Part 8 of the Bill covers miscellaneous and general provisions and includes the final provision for which I seek legislative consent. Clause 125 gives effect to schedule 19, which allows the DEFRA Secretary of State to make regulations to amend two pieces of retained European Union law relating to registration, evaluation, authorisation and restriction of chemicals, generally referred to as REACH. These are the REACH Regulation and the REACH Enforcement Regulations 2008. The Secretary of State cannot make such regulations without the consent of the devolved Administrations, including DAERA, and is also required to consider any request by a relevant devolved authority to make regulations.

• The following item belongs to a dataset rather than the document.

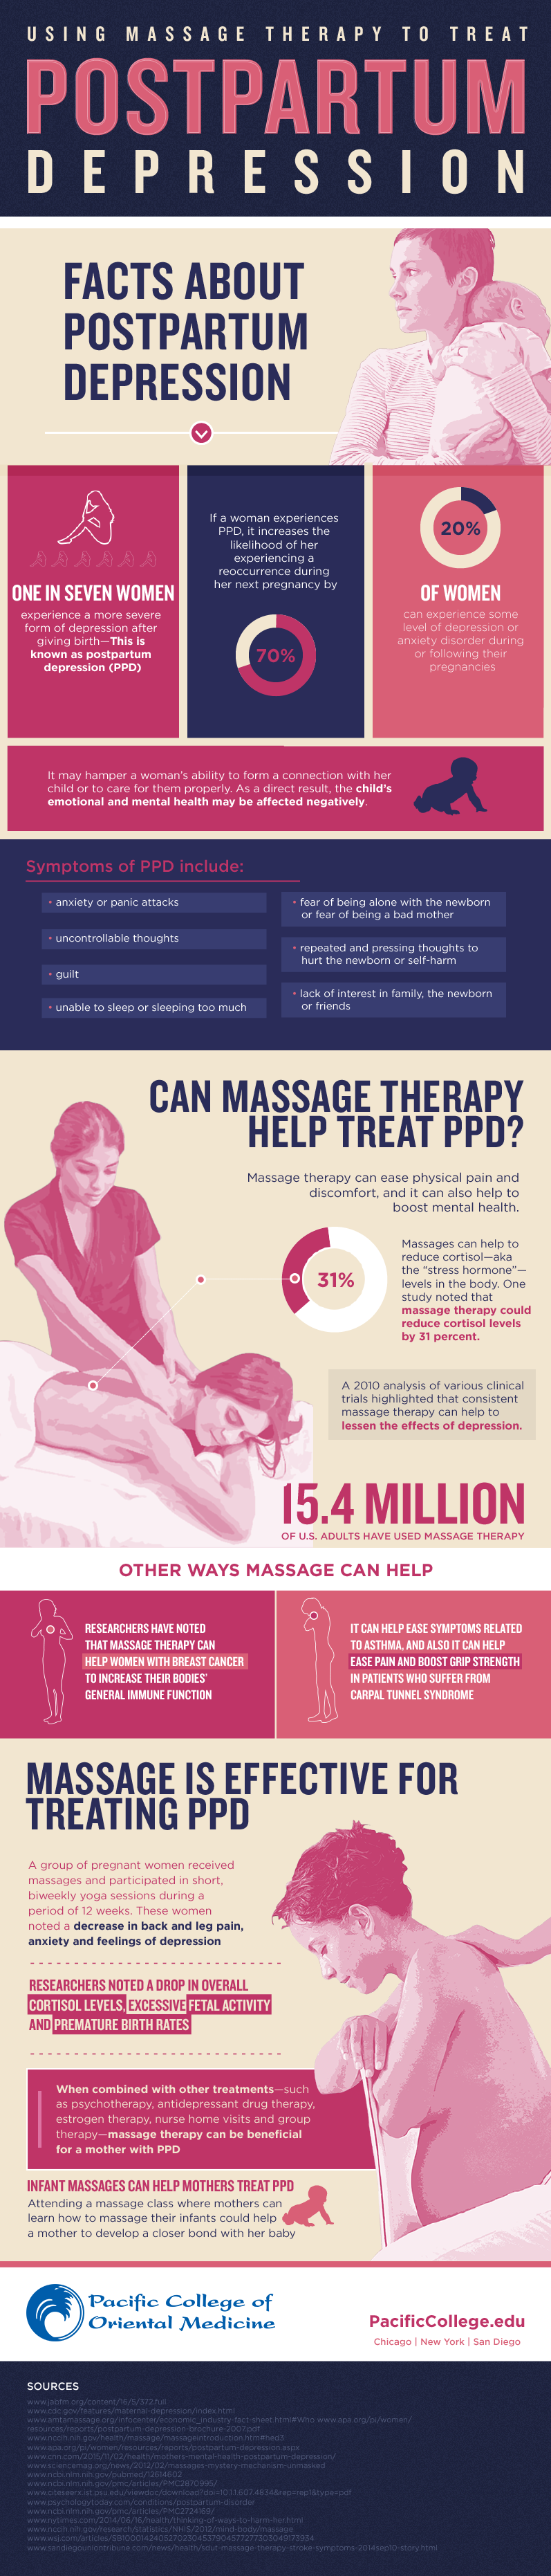 Using Massage Therapy To Treat Postpartum Depression (Infographic)

The schedule also confers a power on DAERA and/or the Department for the Economy to amend REACH Enforcement Regulations 2008 independently of the DEFRA Secretary of State.

While that concludes the list of provisions for which legislative consent is being sought, I would also like to highlight the commencement provisions in clause 131 to reinforce the point that I made earlier about the implementation of these provisions being subject to the consent or approval of the Assembly. With the exception of clause 125 and its associated schedule 19, all of the provisions that I have outlined to you today require the Assembly's approval of a draft commencement order before being brought into operation. Members will, therefore, quite rightly, have the opportunity to debate the merits of the Bill's provisions before bringing them into force.

Our environment is precious in its own right, but it also contributes significantly to our economic prosperity and the physical and mental health of our citizens. Therefore, it deserves to be properly protected and improved for the benefit of all. I believe that the provisions of the Bill that I have highlighted will help us to achieve that. Accordingly, I commend the motion to the House.